*What is expected:*
Using the data beneath this instruction, retype only the lines from the one that contains "Marc Hockings, Awardee" down to the one that contains "Gucci Horsebit Leather", both included, exactly as they appear.
● ● ● ● ● ● ●
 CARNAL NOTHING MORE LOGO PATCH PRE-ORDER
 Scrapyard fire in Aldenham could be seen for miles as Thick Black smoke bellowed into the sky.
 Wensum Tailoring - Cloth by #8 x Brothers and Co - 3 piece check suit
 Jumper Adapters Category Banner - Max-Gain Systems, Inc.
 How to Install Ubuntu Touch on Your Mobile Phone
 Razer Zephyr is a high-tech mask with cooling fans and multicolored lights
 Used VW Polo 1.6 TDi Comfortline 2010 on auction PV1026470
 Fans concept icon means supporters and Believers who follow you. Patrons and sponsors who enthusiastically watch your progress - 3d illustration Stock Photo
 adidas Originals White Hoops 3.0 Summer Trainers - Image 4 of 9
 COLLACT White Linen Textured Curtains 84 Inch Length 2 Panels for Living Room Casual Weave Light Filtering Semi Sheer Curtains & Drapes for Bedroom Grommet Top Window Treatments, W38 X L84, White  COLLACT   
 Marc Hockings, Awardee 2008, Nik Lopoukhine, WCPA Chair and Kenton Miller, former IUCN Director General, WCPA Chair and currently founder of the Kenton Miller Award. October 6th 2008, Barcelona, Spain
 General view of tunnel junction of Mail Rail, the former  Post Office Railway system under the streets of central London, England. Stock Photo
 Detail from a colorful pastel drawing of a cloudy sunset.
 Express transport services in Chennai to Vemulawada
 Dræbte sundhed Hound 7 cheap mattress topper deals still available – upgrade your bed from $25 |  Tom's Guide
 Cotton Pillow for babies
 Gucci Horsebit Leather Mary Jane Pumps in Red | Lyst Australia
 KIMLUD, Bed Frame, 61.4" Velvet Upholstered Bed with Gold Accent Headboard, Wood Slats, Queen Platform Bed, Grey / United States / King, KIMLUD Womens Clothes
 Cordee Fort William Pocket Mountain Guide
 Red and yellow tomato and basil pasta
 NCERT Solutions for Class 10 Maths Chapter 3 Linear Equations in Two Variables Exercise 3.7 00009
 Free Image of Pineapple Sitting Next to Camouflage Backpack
● ● ● ● ● ● ●
*Answer space:*
 Marc Hockings, Awardee 2008, Nik Lopoukhine, WCPA Chair and Kenton Miller, former IUCN Director General, WCPA Chair and currently founder of the Kenton Miller Award. October 6th 2008, Barcelona, Spain
 General view of tunnel junction of Mail Rail, the former  Post Office Railway system under the streets of central London, England. Stock Photo
 Detail from a colorful pastel drawing of a cloudy sunset.
 Express transport services in Chennai to Vemulawada
 Dræbte sundhed Hound 7 cheap mattress topper deals still available – upgrade your bed from $25 |  Tom's Guide
 Cotton Pillow for babies
 Gucci Horsebit Leather Mary Jane Pumps in Red | Lyst Australia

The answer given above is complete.